III
III
Ни Михаил Булгаков, ни исследователи его творчества никогда не придавали «Музе мести» программного значения. И правильно делали. Кажущаяся программность «маленького этюда» – побочный эффект высокой типологичности этого творчества: так с любого, как угодно малого фрагмента голографического негатива можно, говорят, получить полный позитивный отпечаток.
Подлинной писательской декларацией, осознанным и концентрированным программным документом принято считать другой, самый ранний из достоверно известных нам булгаковских текстов – небольшую статью «Грядущие перспективы», опубликованную 26 (13) ноября 1919 года в северокавказской газете «Грозный» под криптонимом М. Б. Вырезка статьи пряталась среди бумаг Булгакова в его личном архиве, но зашифрованная подпись и лишь частично сохраненное название газеты придавали документу вид загадочной неопределенности: то ли он есть, то ли нет его.

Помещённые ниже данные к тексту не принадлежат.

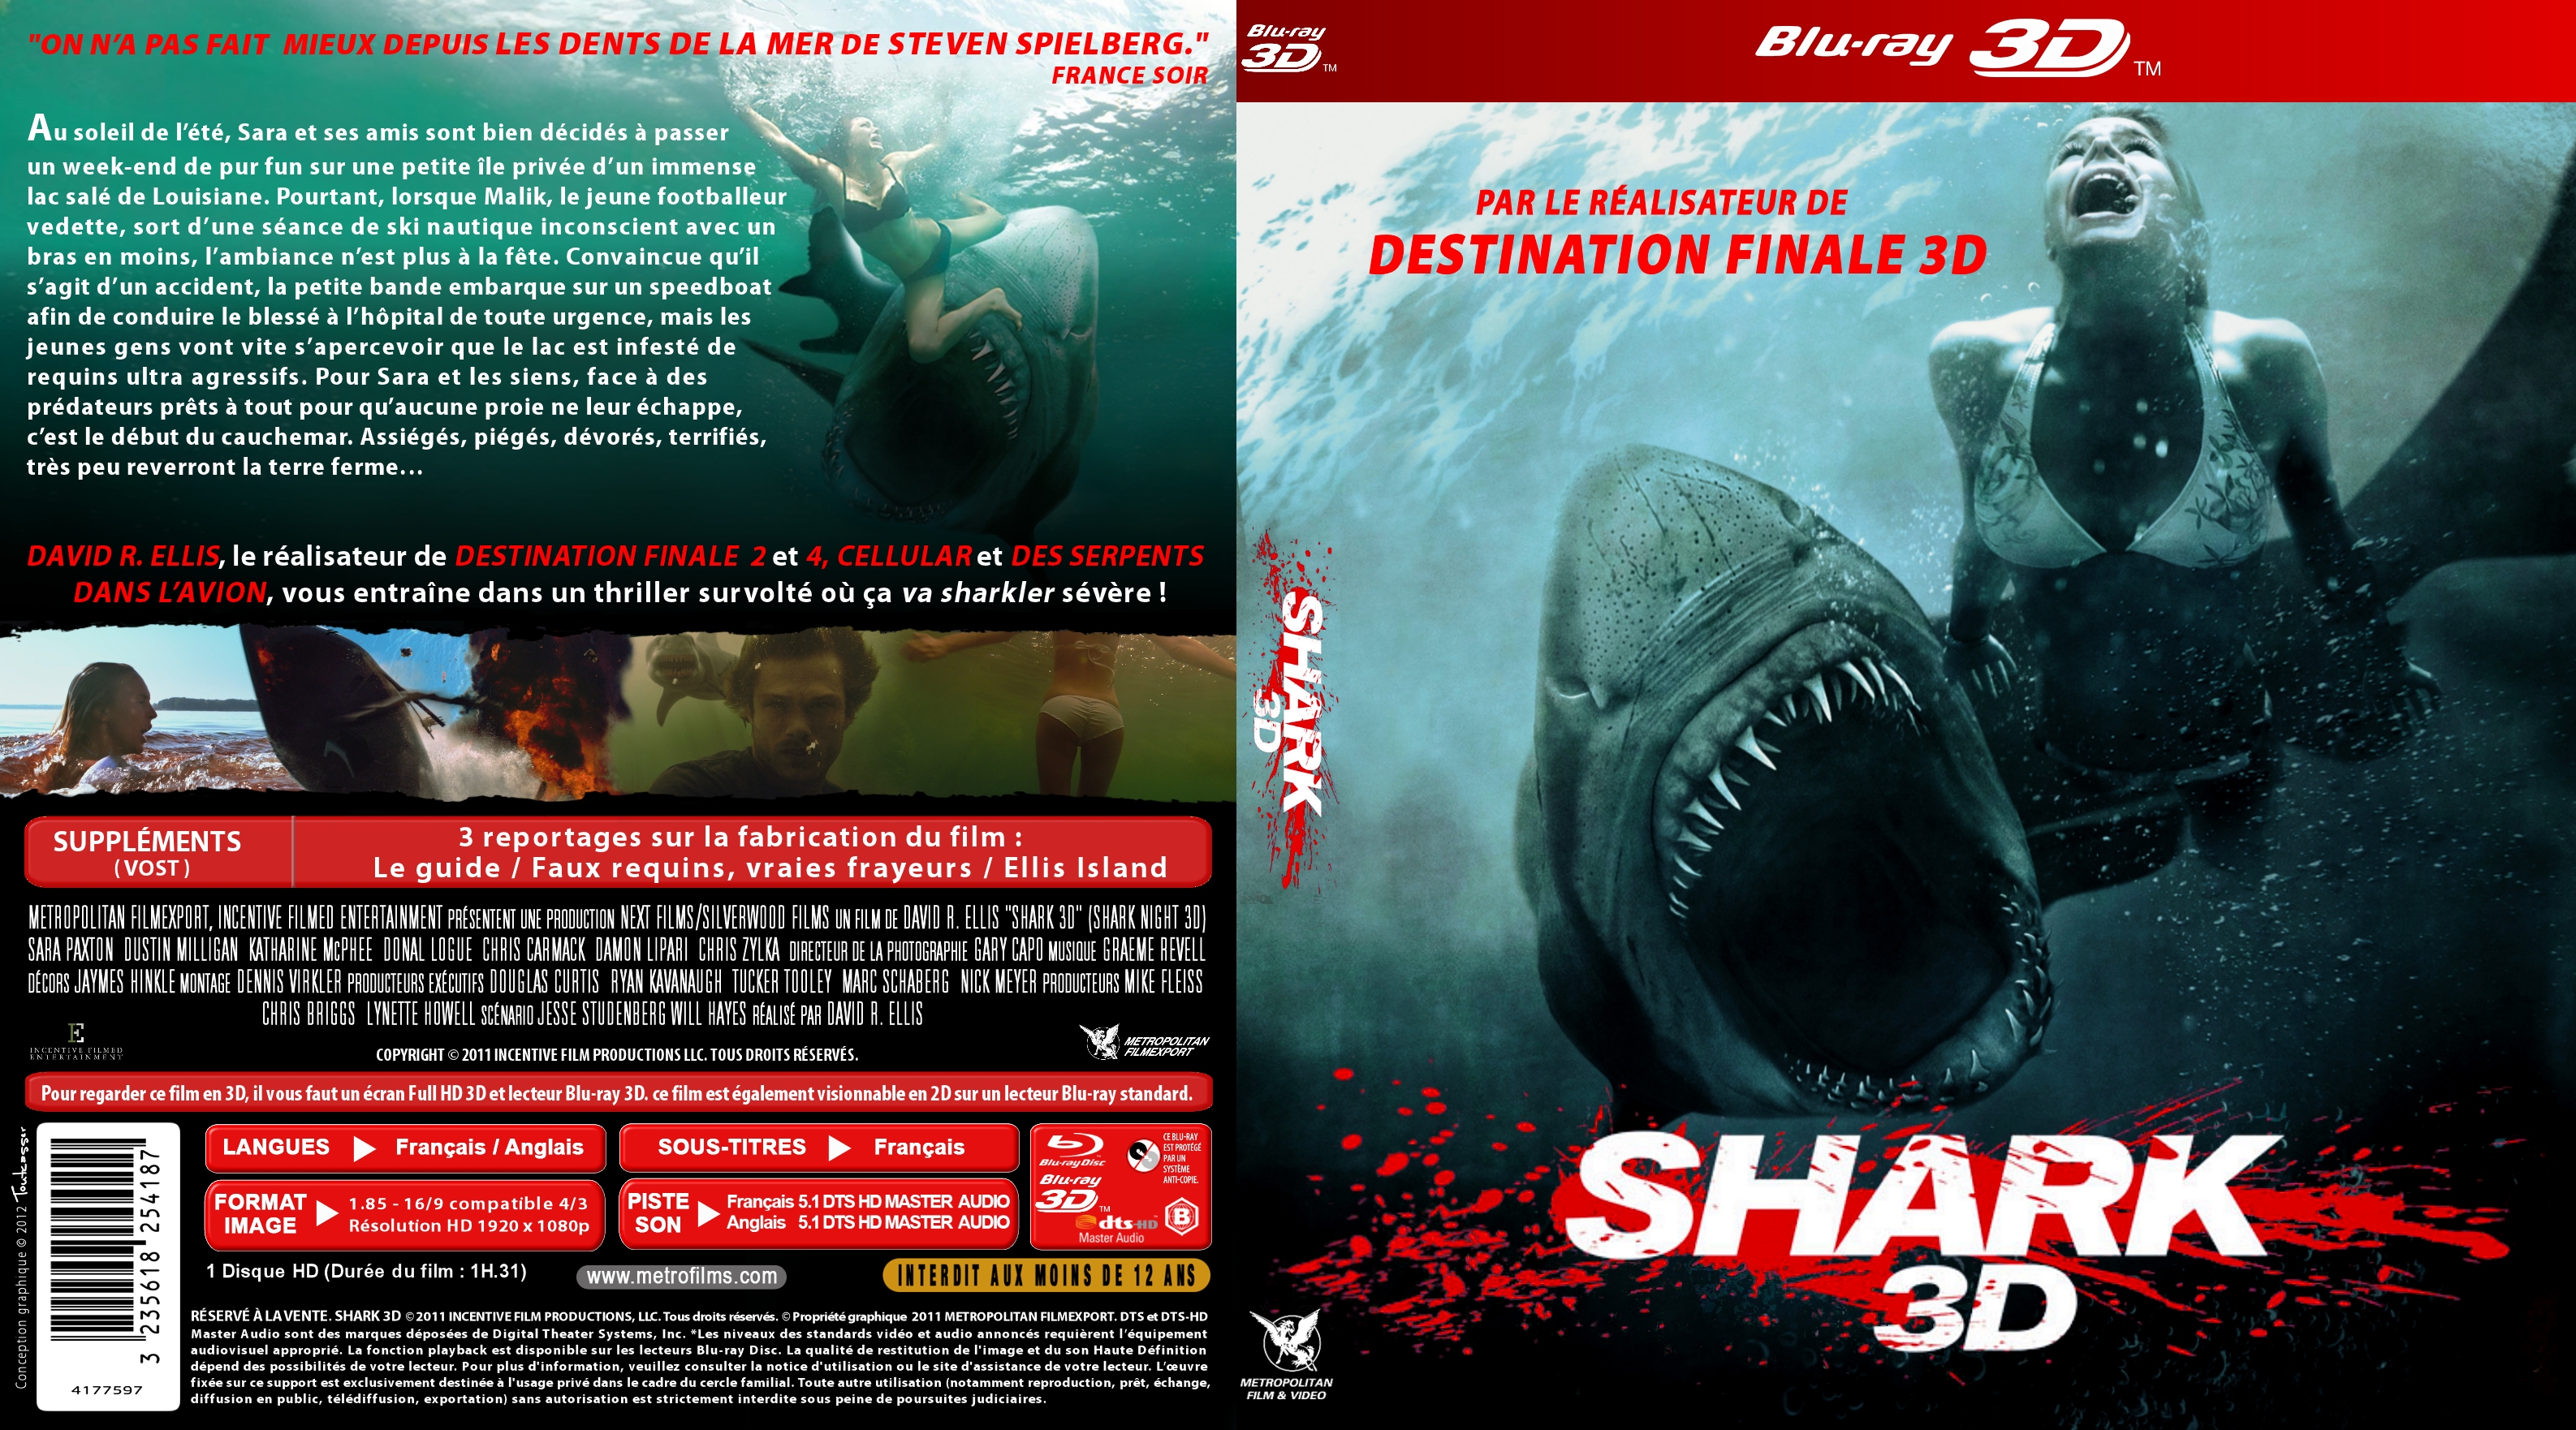 Jaquette DVD de Shark 3D custom (BLU-RAY) - Cinéma Passion

Автор имел основания скрывать эту публикацию – окажись она в руках «компетентных органов», московских опекунов писателя, положение Булгакова, и без того находившегося «под пятой» (название его дневника), катастрофически обострилось бы. Но у Булгакова были основания и для того, чтобы бережно сохранить среди своих бумаг вырезку «Грядущих перспектив», притом не из сентиментальных соображений (ах, первая публикация, как первая любовь), а в виду ее чрезвычайной серьезности.

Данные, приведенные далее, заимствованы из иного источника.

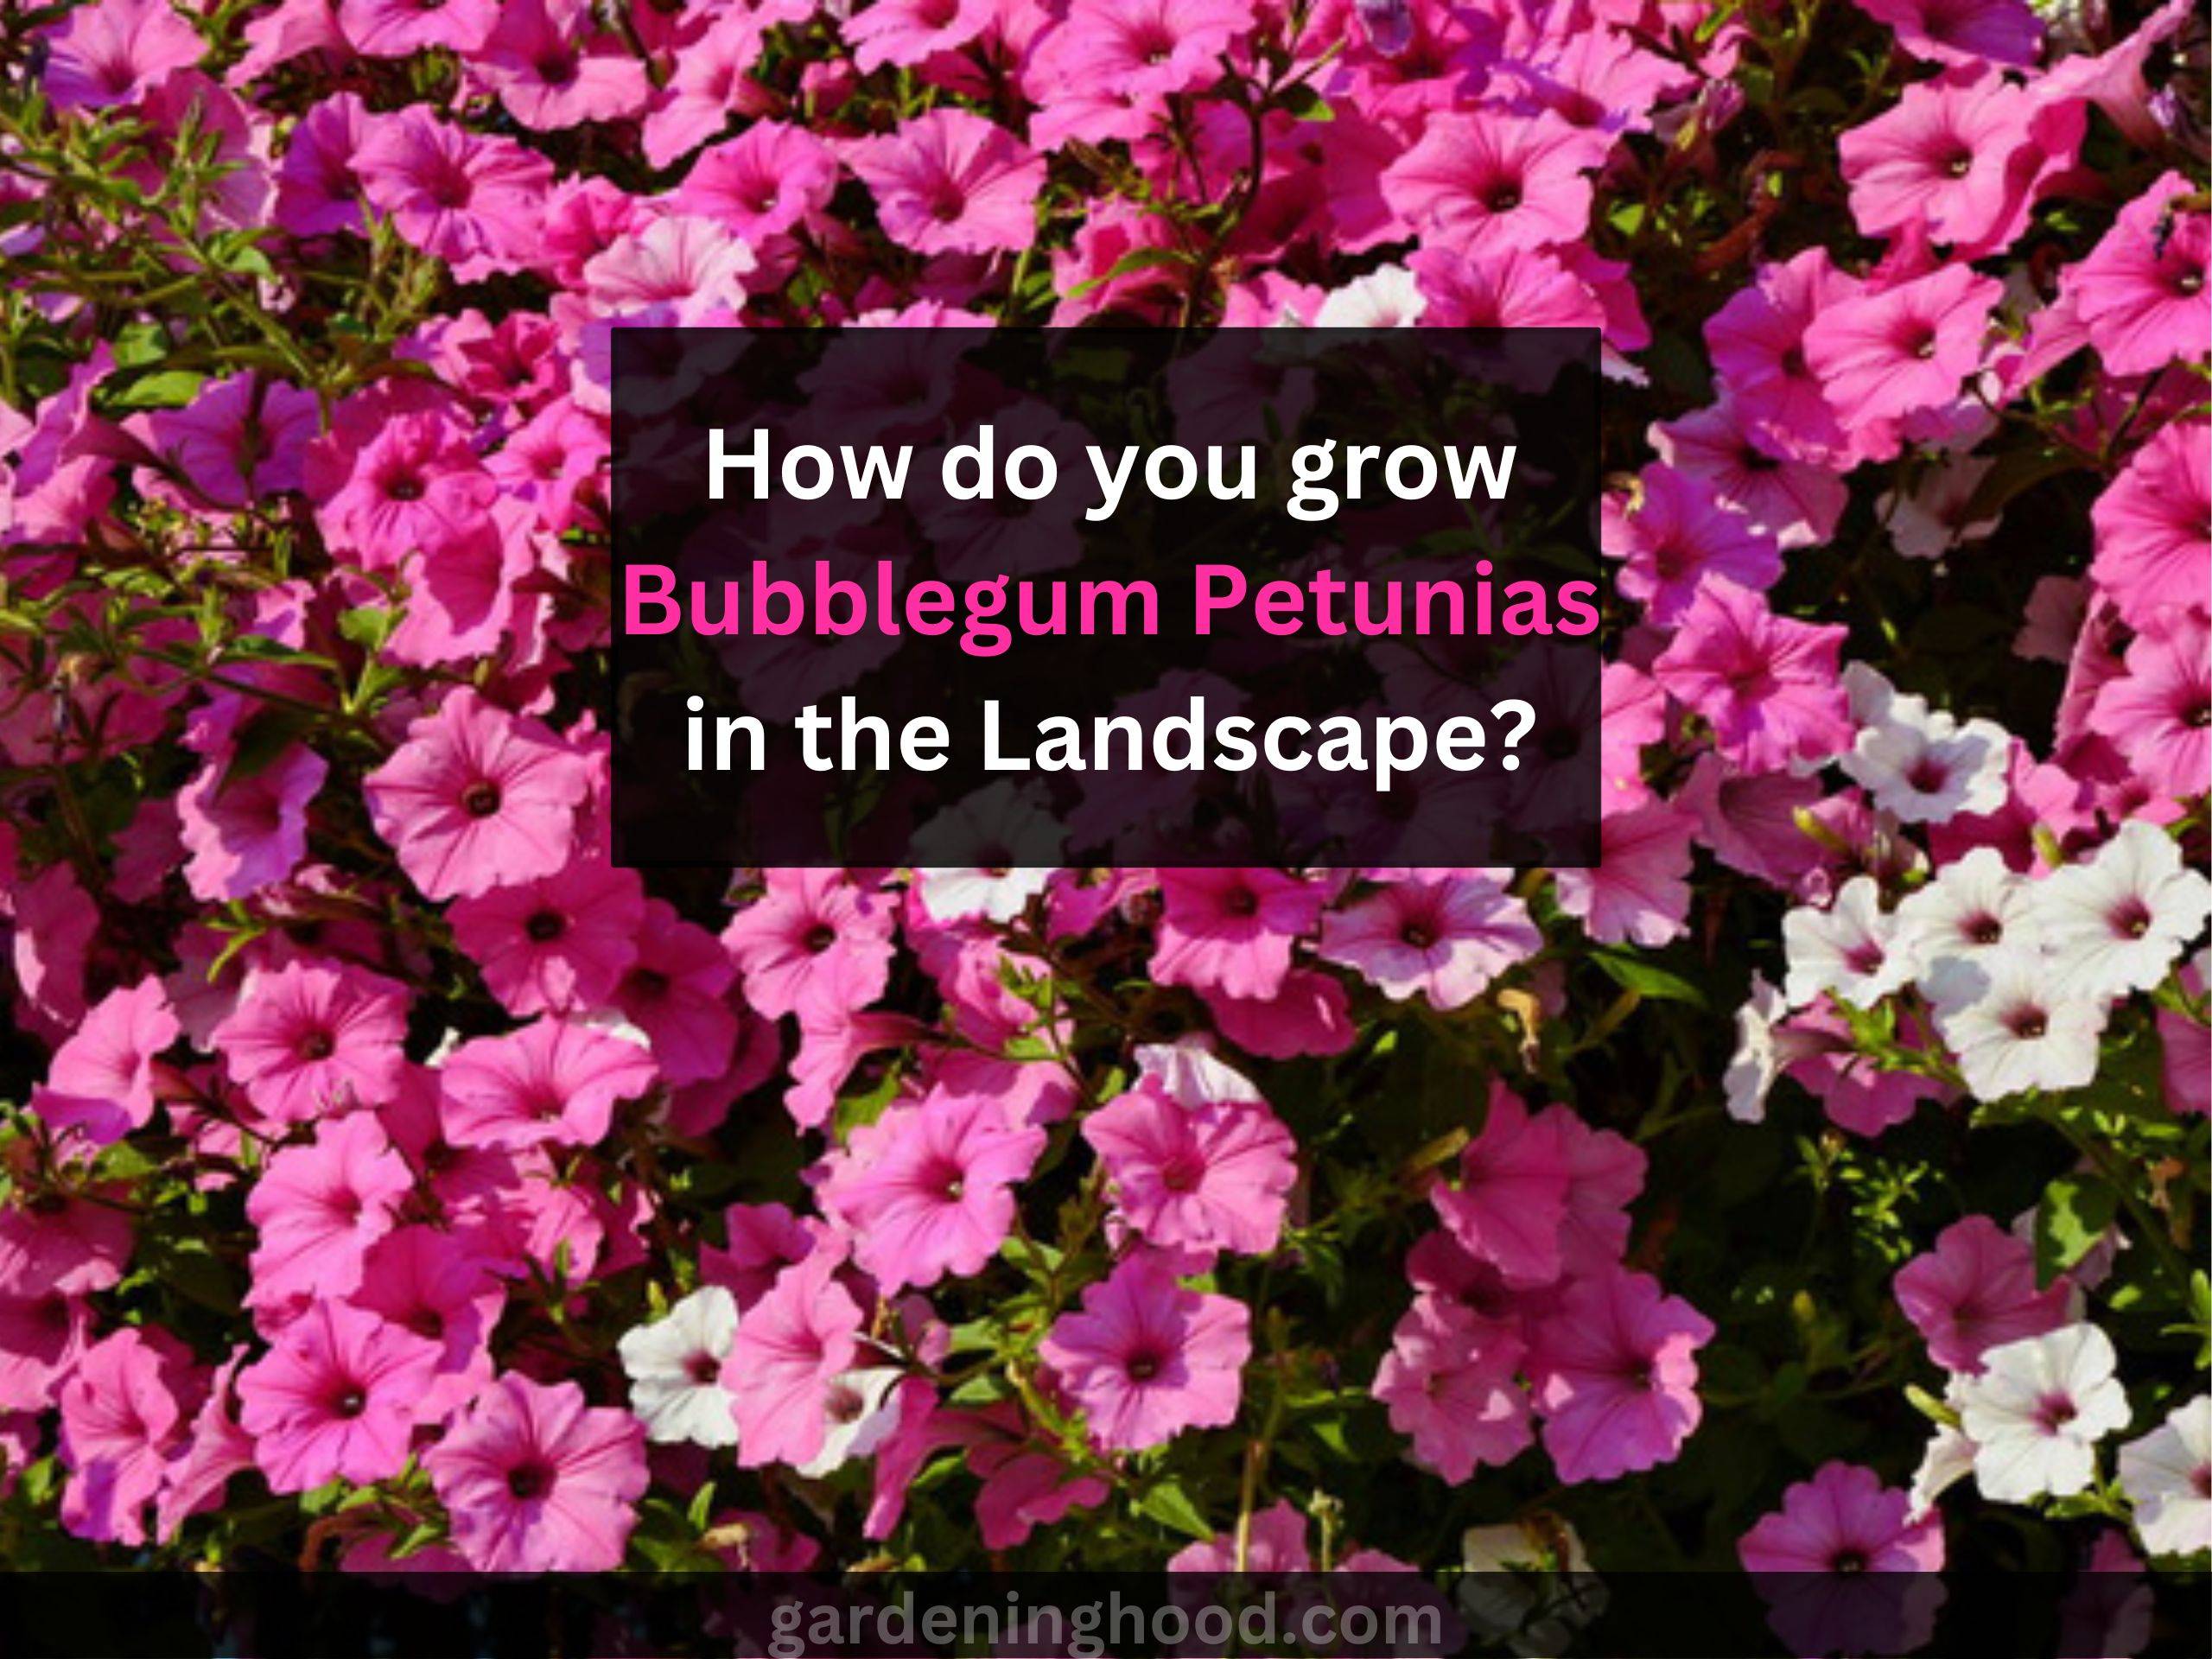 How do you grow Bubblegum Petunias in the Landscape?

Первый дошедший до нас булгаковский текст пышет пророческим жаром, столь характерным для писателя с такими профетическими амбициями, как у Булгакова. Раскаленность булгаковского профетизма запечатлена даже в названии – «Грядущие перспективы», в его едва прикрытой легкой тавтологичности: иностранные «перспективы» не то же ли самое, что архаично-славянское «грядущее» (как «ретроспектива» и «минувшее»)? Соединяя западное с восточным, название как бы удваивает пророческую претензию. Первый дошедший до нас булгаковский текст с категоричностью, не допускающей двойных толкований, закрепляет культурные, политические и этические координаты автора в мире, расколотом по всем направлениям недавней Мировой войной и длящейся Гражданской.

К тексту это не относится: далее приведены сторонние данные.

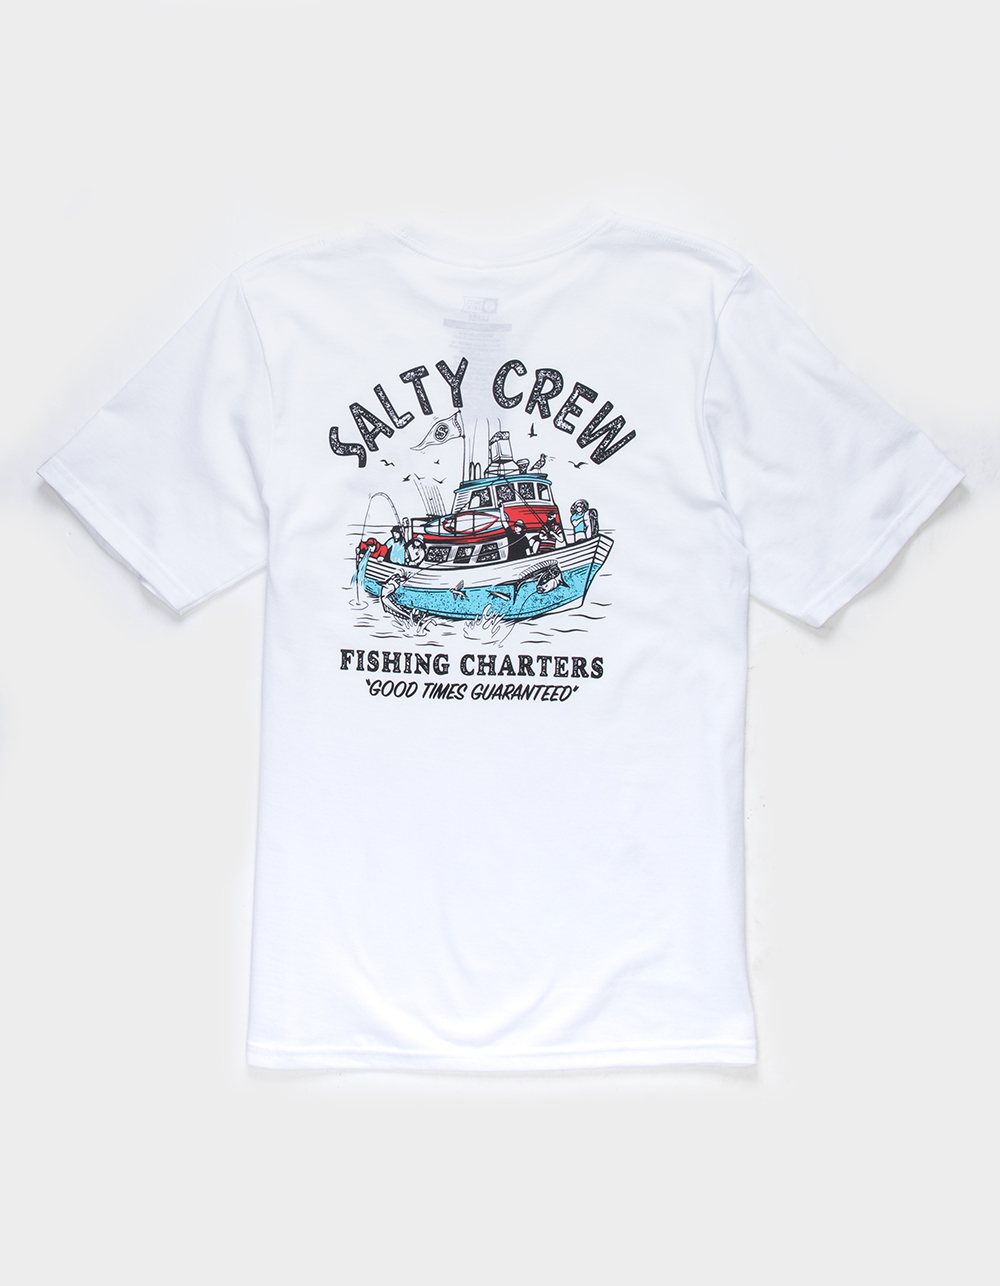 SALTY CREW Fishing Charters Boys Tee - WHITE

Временная координата «теперь – тогда»: «Теперь, когда наша несчастная Родина находится на самом дне ямы позора и бедствия, в которую ее загнала „великая социальная революция“…» – «Тогда страна, окровавленная, разрушенная, начнет вставать… Медленно, тяжело вставать…»
Пространственная координата «мы здесь – они там»: «Безумство двух последних лет толкнуло нас на страшный путь, и нам нет остановки, нет передышки. Мы начали пить чашу наказания, и выпьем ее до конца». – «На Западе кончилась великая война великих народов. Теперь они зализывают свои раны. Конечно, они поправятся, очень скоро поправятся!»
Направления «там» (на Западе) и «тогда» (в россий-ском будущем) совпадают: стрелка булгаковского компаса без колебаний указывает на культурно-созидательные усилия Европы как на единственно возможное и единственно приемлемое направление отечественного развития. Но между этими «там» и «тогда» лежит поле жестокой борьбы, определяющее политический выбор автора: «…Придется много драться, много пролить крови, потому что, пока за зловещей фигурой Троцкого еще топчутся с оружием в руках одураченные им безумцы, жизни не будет, а будет смертная борьба. Нужно драться…»
Социально-политический смысл булгаковской декларации 1919 года достаточно очевиден. В сущности, это общее место представлений многих тогдашних российских интеллигентов в широком партийном спектре – от конституционных монархистов до либеральных демократов. Здесь пока еще нет ничего – или почти ничего – личностно-булгаковского. Но этого уже не скажешь о культурно-этическом смысле «Грядущих перспектив».
Тот культурный идеал, на который ориентированы «Грядущие перспективы», представлен главным образом или даже исключительно как идеал городской культуры, то есть, строго говоря, если вспомнить исконные значения слов, цивилизационный, урбанистический идеал. Словно нарочно, прихотливая судьба подбросила недавнему военному лекарю несколько номеров английского иллюстрированного журнала, чтобы будущий писатель «долго, как зачарованный, глядел на чудно исполненные снимки» – «и долго, долго думал потом…» Сказать по правде, Булгаков не столько «думает» над этими снимками, сколько (по формуле Маяковского), «воспевает машину и Англию» – воплощение и символы технической цивилизации:
«Колоссальные машины на колоссальных заводах лихорадочно, день за днем, пожирая каменный уголь, гремят, стучат, льют струи расплавленного металла, куют, чинят, строят…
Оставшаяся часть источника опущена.